И он рассказал, как он с Нижегородской ярмарки, возвращаясь в Москву, три дня не вылезал из тарантаса.

В доме Ивана Гаврилыча мы бывали часто. Фигура Ивана Гаврилыча была представительная: высокий, стройный, одетый безукоризненно; лицо важное, серые навыкате глаза, тщательно расчесанная на обе стороны борода… Ну, просто английский лорд, член парламента, когда молчит, а заговорит – так и отдает московским ткачом: «оттеда», «покеда», «коли ежели я, значит», «ежели я, например, теперича, так будем говорить», и прочее. Я один раз слышал, как он рассказывал о своем восхождении на пирамиду Хеопса.

 

– Три тысячи годов строили, пойми из этого!

– Много выше Ивана Великого? – спросил один собеседник.

– Какие твои пустые слова! Не то, что Иван Великий, а может… даже удивительно! Жара, братец ты мой!.. Ну, сейчас, этакие палки большие, чтобы, значит, ловчей было идти… Ну, Египет, братец ты мой, сам понимаешь!

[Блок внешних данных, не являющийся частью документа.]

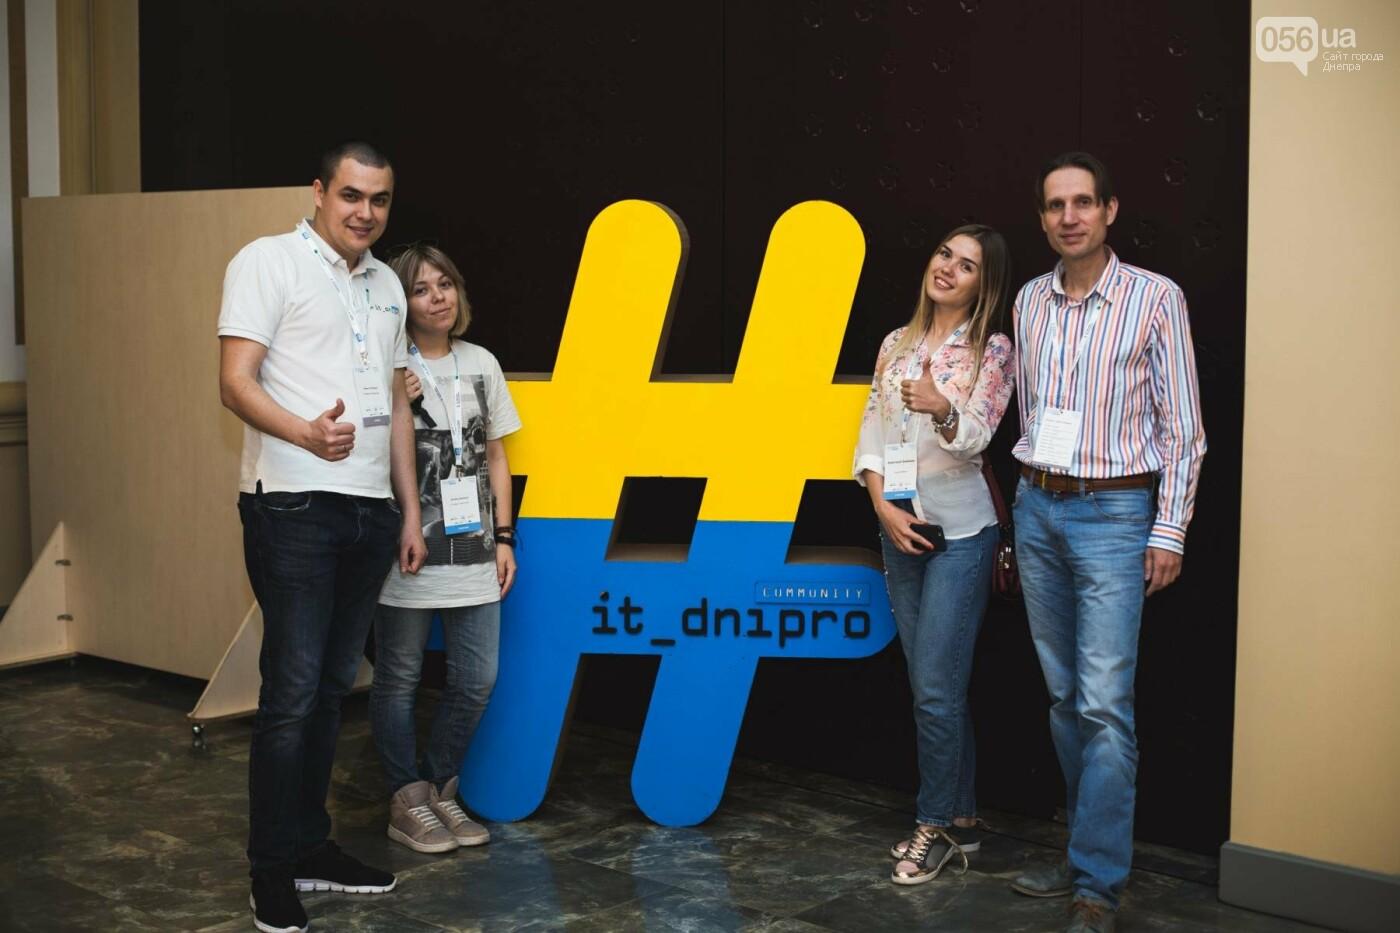 В Днепре прошла бизнес-конференция IT Dnipro Conference: подробности, - ФОТО, фото-12

Только бедуин один подошел к нам, черной этакой; ежели в лесу где у нас такой попадется – в ногах у него наваляешься: пусти душу на покаяние. И глаза такие – сейчас зарежет… Подошел к нам, а с нами бутылочки три портеру было, на случай в Александрии взяли… Опять же, надо сказать, агличане эти там, как векши, по камням бегают…

И все в том же роде. Никаких впечатлений о пирамидах передать он не мог.

По субботам часть нашего кружка собиралась у Константина Александровича Булгакова, сына московского почт-директора, внука знаменитого Якова Ивановича Булгакова, екатерининского посла, который был заключен в Константинополе в Семибашенный замок. Константин Александрович был отставной гвардеец. В Петербурге ходили чуть не легенды о его шалостях, на которые тогдашнее начальство, даже сам великий князь Михаил Павлович, смотрели снисходительно. Я не буду о них рассказывать здесь, не буду поминать грехи его юности и неведения. Больной телом (он не мог ходить и передвигался по комнате в кресле на колесах), но бодрый и здоровый духом, отлично образованный, прекрасный рисовальщик, музыкант, без голосу обаятельно передававший суть страстных романсов Глинки, он заставлял любить и жалеть себя. Любить – за необыкновенно доброе сердце, жалеть – за растрату богом данных ему даров. В Петербурге по художественной части он принадлежал к обществу Брюллова, Глинки, Кукольника и Яненко, или, как он выражался, к обществу «невоздержных».

Он жил вместе со своим отцом в почтамте. Стены небольшого кабинета его были сплошь увешаны портретами бывших и настоящих его друзей; небольшое пианино, диван, стол и несколько стульев. Садовский посещал его чуть не каждый день, а Максин иногда пребывал у него от зари и до зари: придет, справится о здоровье и уйдет; потом опять появится, опять уйдет, – и так целый день.

Субботние посетители назывались «субботниками». Для них был заведен альбом, в котором они при поступлении в субботники собственноручно вписывали свои фамилии (у меня один альбом сохранился). Князь Петр Андреевич Вяземский значился в числе субботников. Проездом через Москву он бывал у Булгакова. М. Н. Лонгинов,[97] остроумный Борис Алмазов, Рамазанов и Дюбюк были постоянными субботниками и оставили в альбоме много стихов. Каждый из субботников непременно должен был что-нибудь написать в альбом. Вечера были веселые. Живой, остроумный разговор, музыка, пение и застольные беседы, часто до утра. Нередко Михаил Семеныч Щепкин являлся сюда что-нибудь прочитать.

Большим утешением для общества служил Максин. Иногда он, среди оживленного разговора, вдруг задавал вопрос, совершенно не вытекающий из темы беседы. Например:

– Карл Францевич Рулье вчера в кофейной говорил, какой-то Фейербах написал замечательное сочинение, сколько я мог понять, против религий…

– Ну, а тебе что за дело? – спокойно заметил Булгаков.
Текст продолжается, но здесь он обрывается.